Records from a collection:
== Segment start ==
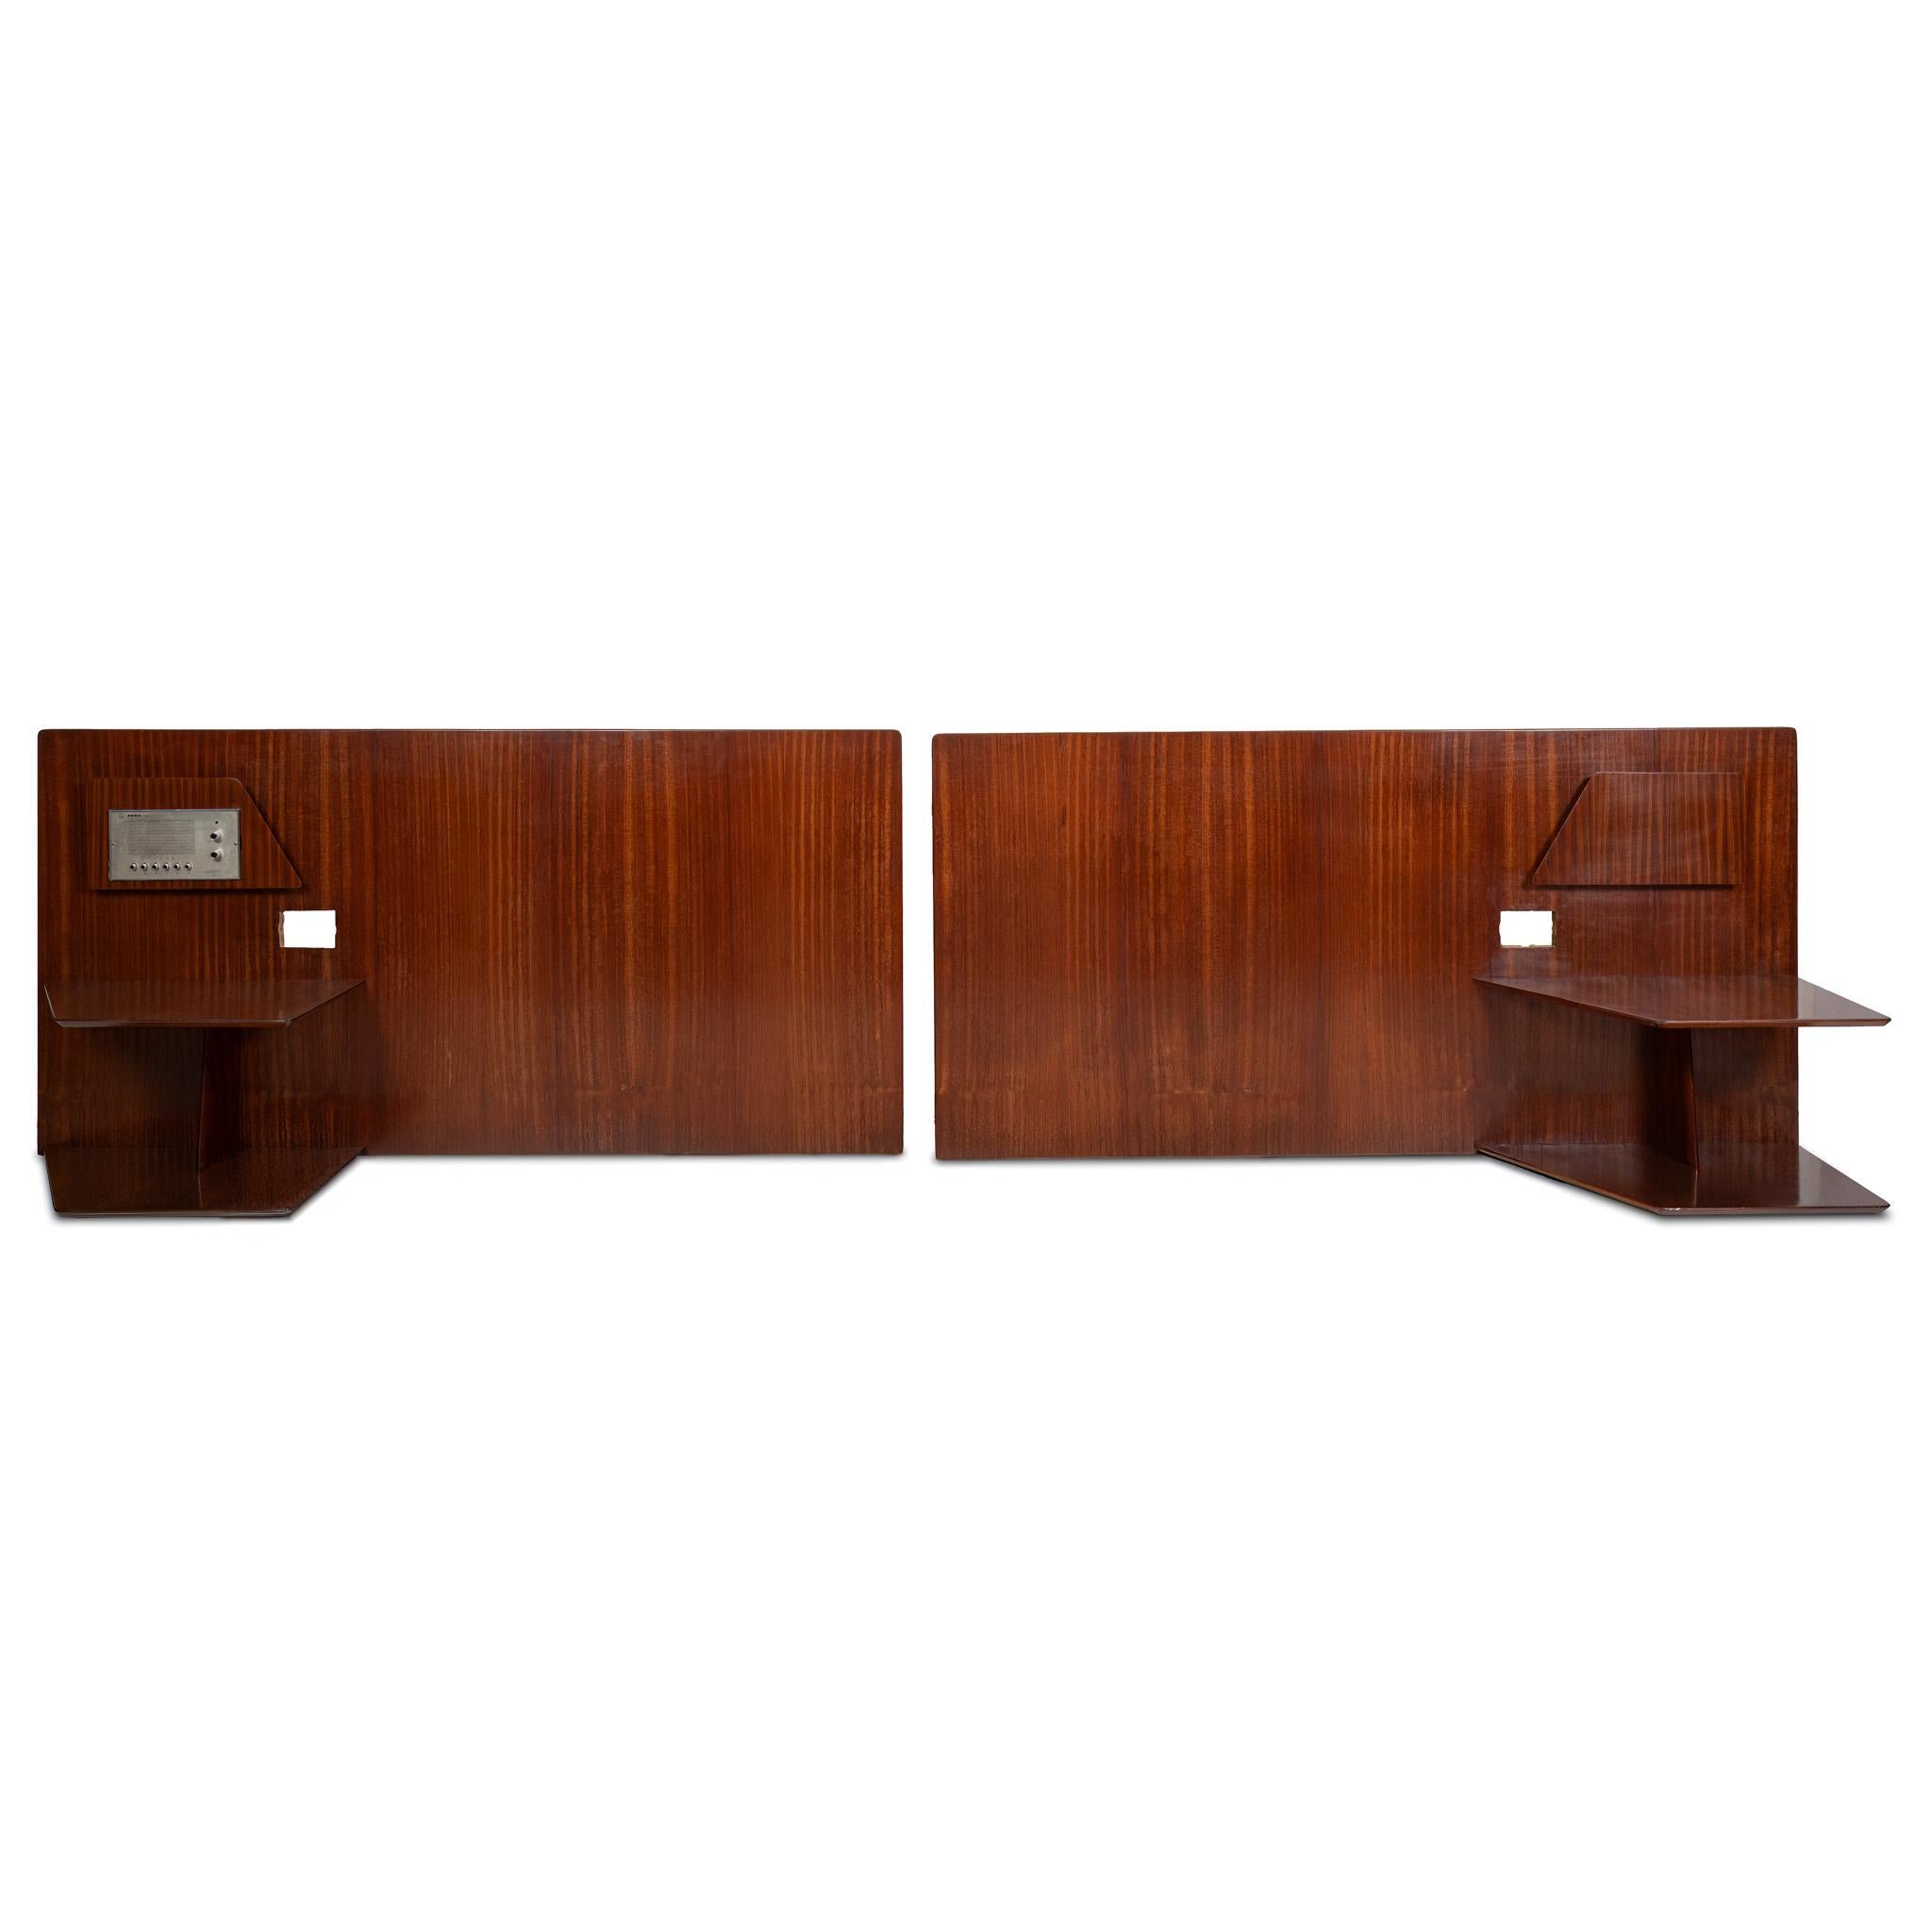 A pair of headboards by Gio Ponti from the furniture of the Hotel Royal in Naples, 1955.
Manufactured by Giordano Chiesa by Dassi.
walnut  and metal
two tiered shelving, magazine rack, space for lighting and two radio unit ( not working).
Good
== Segment end ==
* Task goal
Exactly the lines from the one containing "Manufactured by Giordano Chiesa by Dassi." through the final line of the records above are needed, copied word for word.

* Result for this exercise
Manufactured by Giordano Chiesa by Dassi.
walnut  and metal
two tiered shelving, magazine rack, space for lighting and two radio unit ( not working).
Good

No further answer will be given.